Returning to Seattle, Don decided to commit himself entirely to music. With friends, he formed a group – The Playboys – and worked discotheques in and around the North-west. He met Jerry Miller, lead guitarist with Moby Grape, when he later joined another group called The Frantics, a Seattle quartet.

Almost immediately, the pair found their musical ideas compatible and began writing songs as The Frantics toured Northwest cities and then moved south to California.

After almost a year working Northern California clubs and dance halls (Bob Mosley joined the group as bassist during this time), The Frantics broke up. Don and Jerry formed a group called Marsh Gas, which lasted until Bob, who had spent the intervening time as a folk singer, reappeared with Peter Lewis, and the four became the founders of Moby Grape.

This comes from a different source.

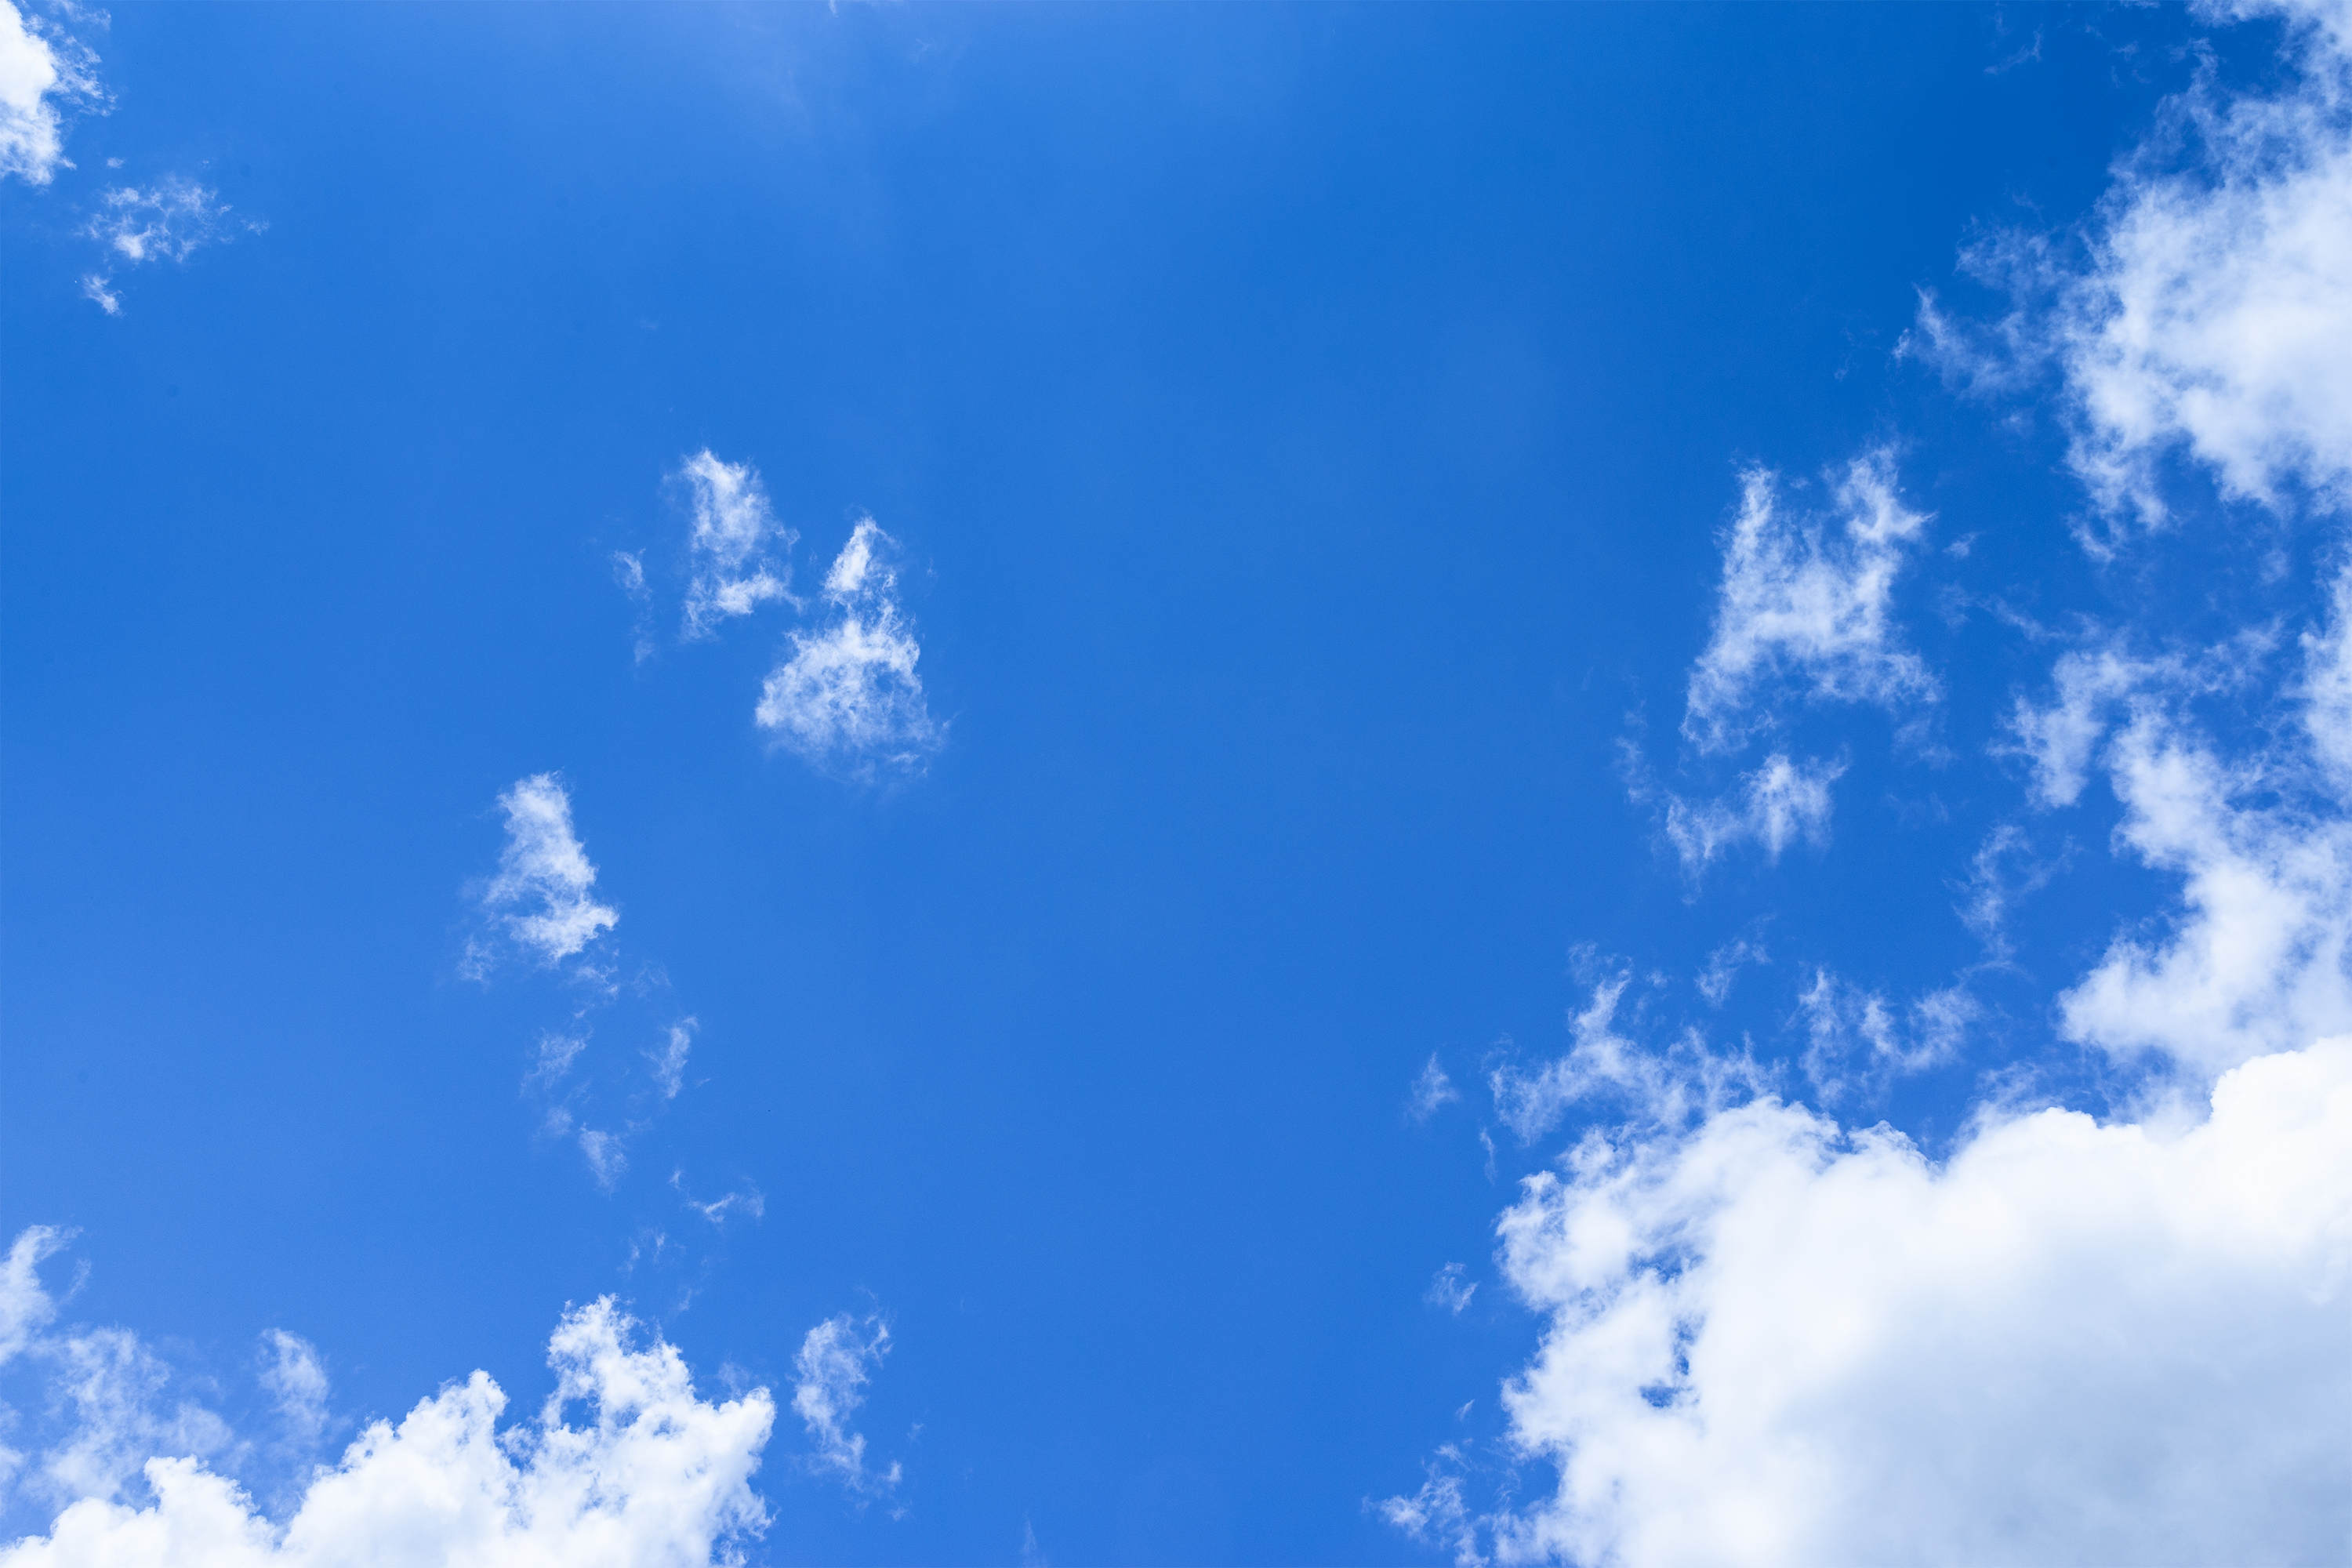 晴天の空と雲 無料の高画質フリー写真素材 イメージズラボ

Don worked with many kinds of performers and many types of music before Moby Grape was formed. In addition to his work with rock bands, he performed with Jack Roberts and The Evergreen Drifters, a country group; Willie Mae “Big Mama” Thornton, blues singer; and several rhythm-and-blues artists.

His favourite singers include performers in several areas of music, but he especially digs Paul McCartney. Composers he favours are Bob Dylan, Charles Lloyd, John Handy, Lennon-McCartney, Bob Mosley, Jerry Williams, Peter Lewis and Skip Spence. Instrumentalists he admires are Grant Green and Roland Kirk.

Don is 5′ 10″ tall, weighs 145 pounds and has brown hair and blue eyes.